## SOURCE DATA:
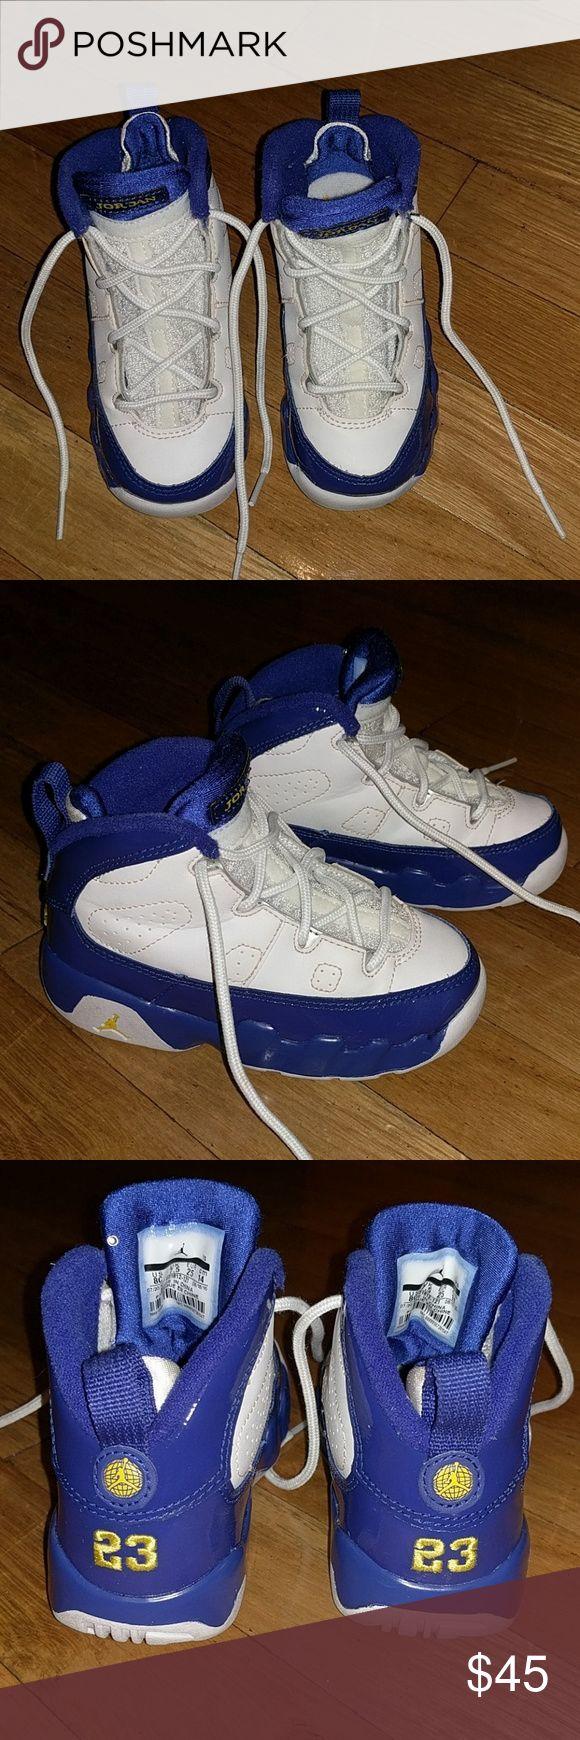 Toddler Jordan 9's size 8c Blue & white Jordan 9's size 8c Jordan Shoes Sneakers
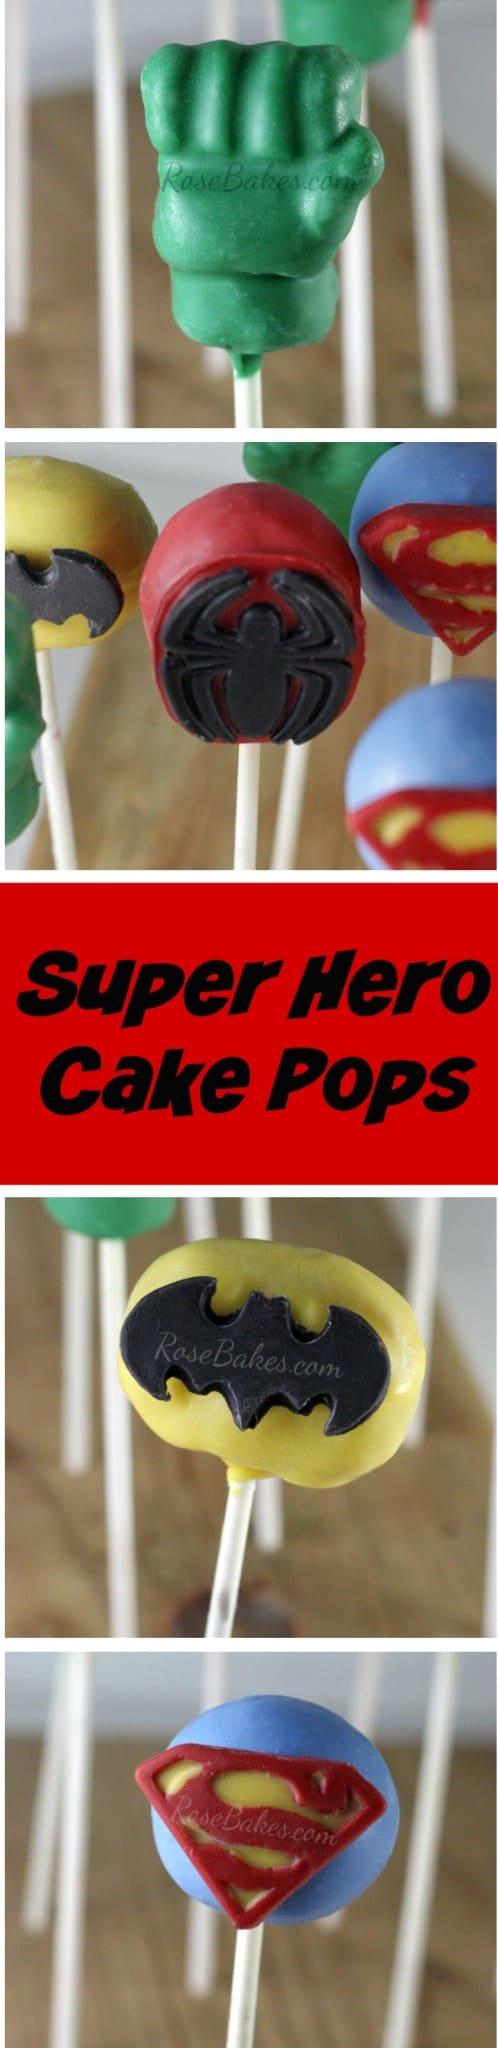 Super Hero Cake Pops Hulk, Spiderman, Batman, Superman by RoseBakes
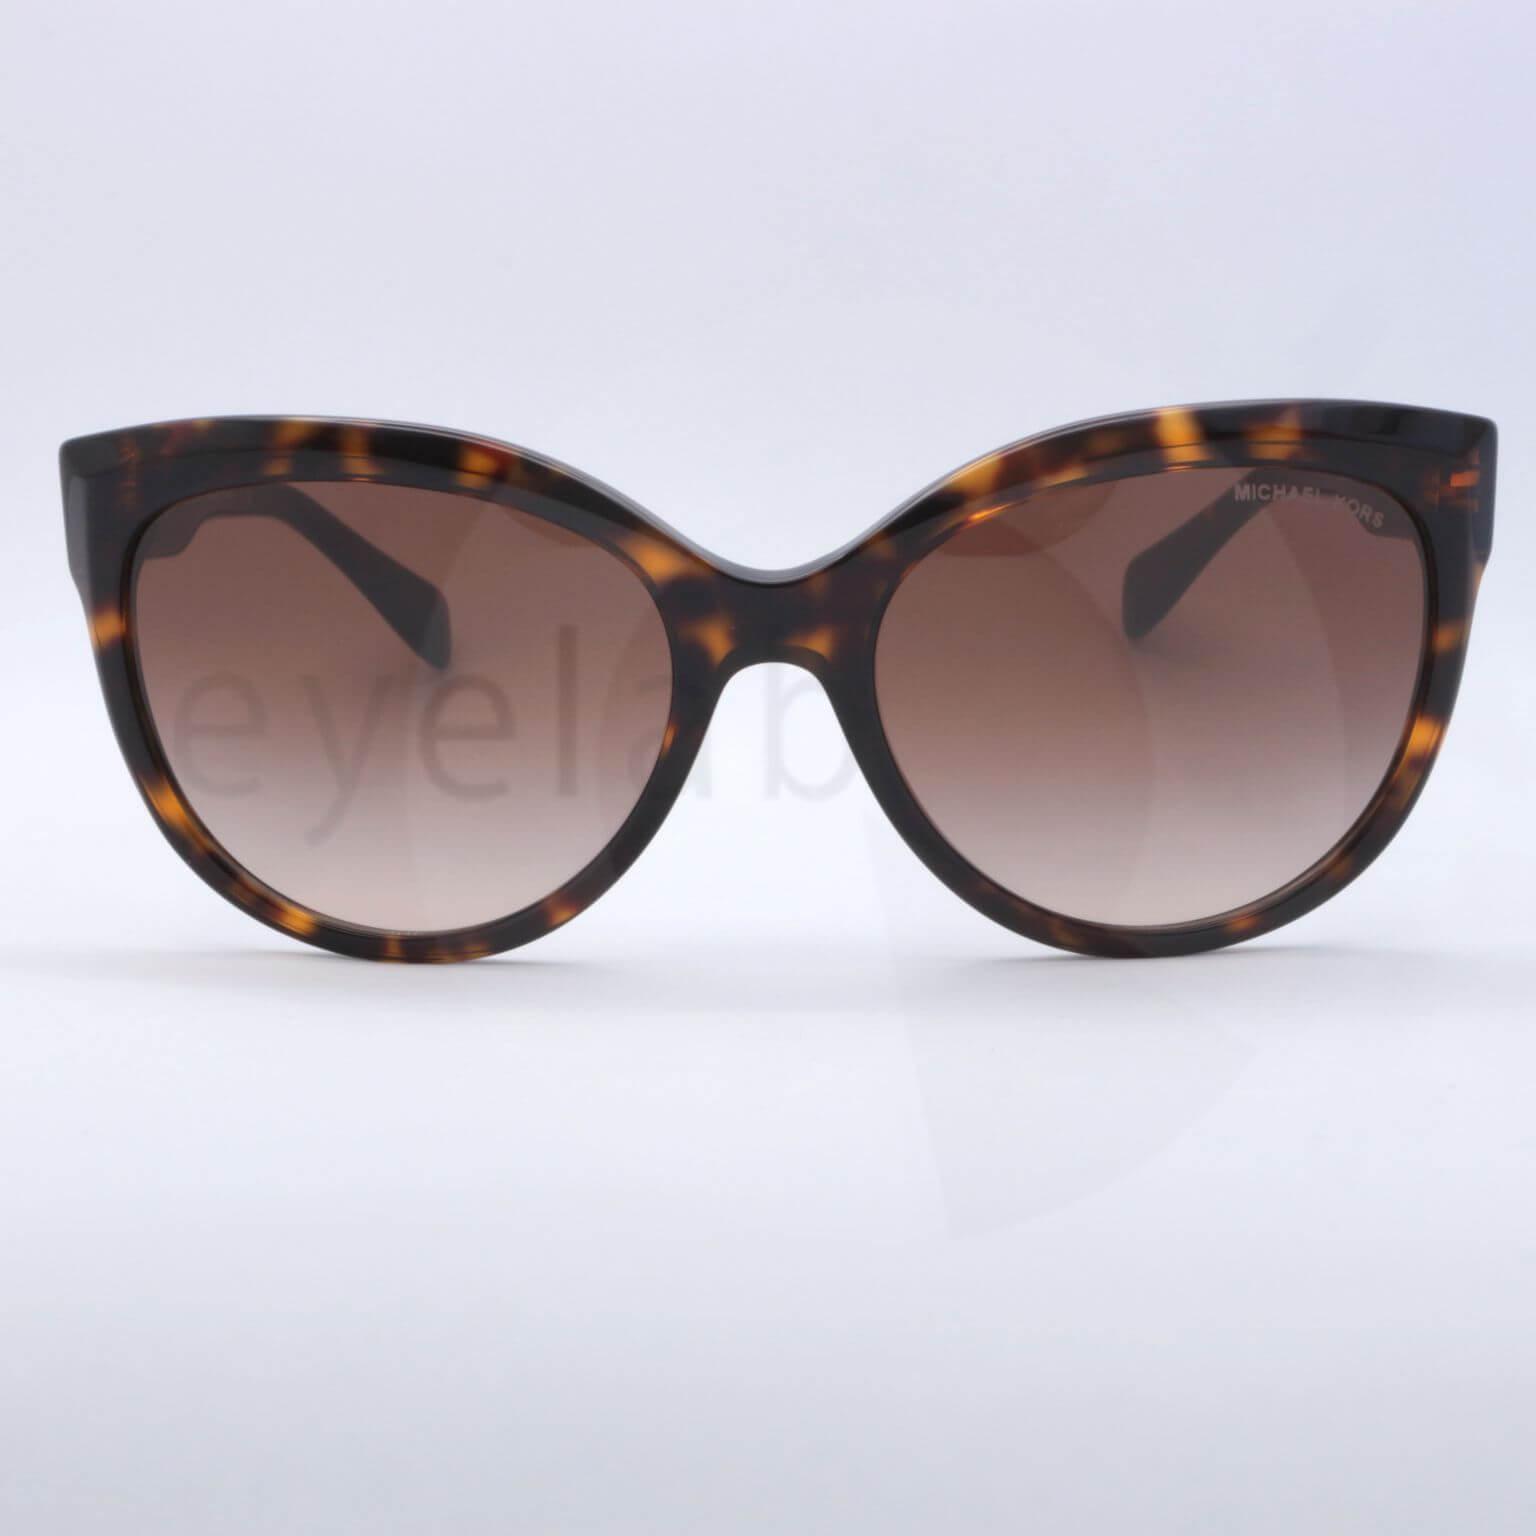 b55d8e76a9 Γυαλιά ηλίου Michael Kors 2083 Portillo 300613 ~ Eyelab

## YOUR TASK:
All of the data is to be returned exactly, with no pictures included.

## YOUR RESPONSE:
 Toddler Jordan 9's size 8c Blue & white Jordan 9's size 8c Jordan Shoes Sneakers
 Super Hero Cake Pops Hulk, Spiderman, Batman, Superman by RoseBakes
 b55d8e76a9 Γυαλιά ηλίου Michael Kors 2083 Portillo 300613 ~ Eyelab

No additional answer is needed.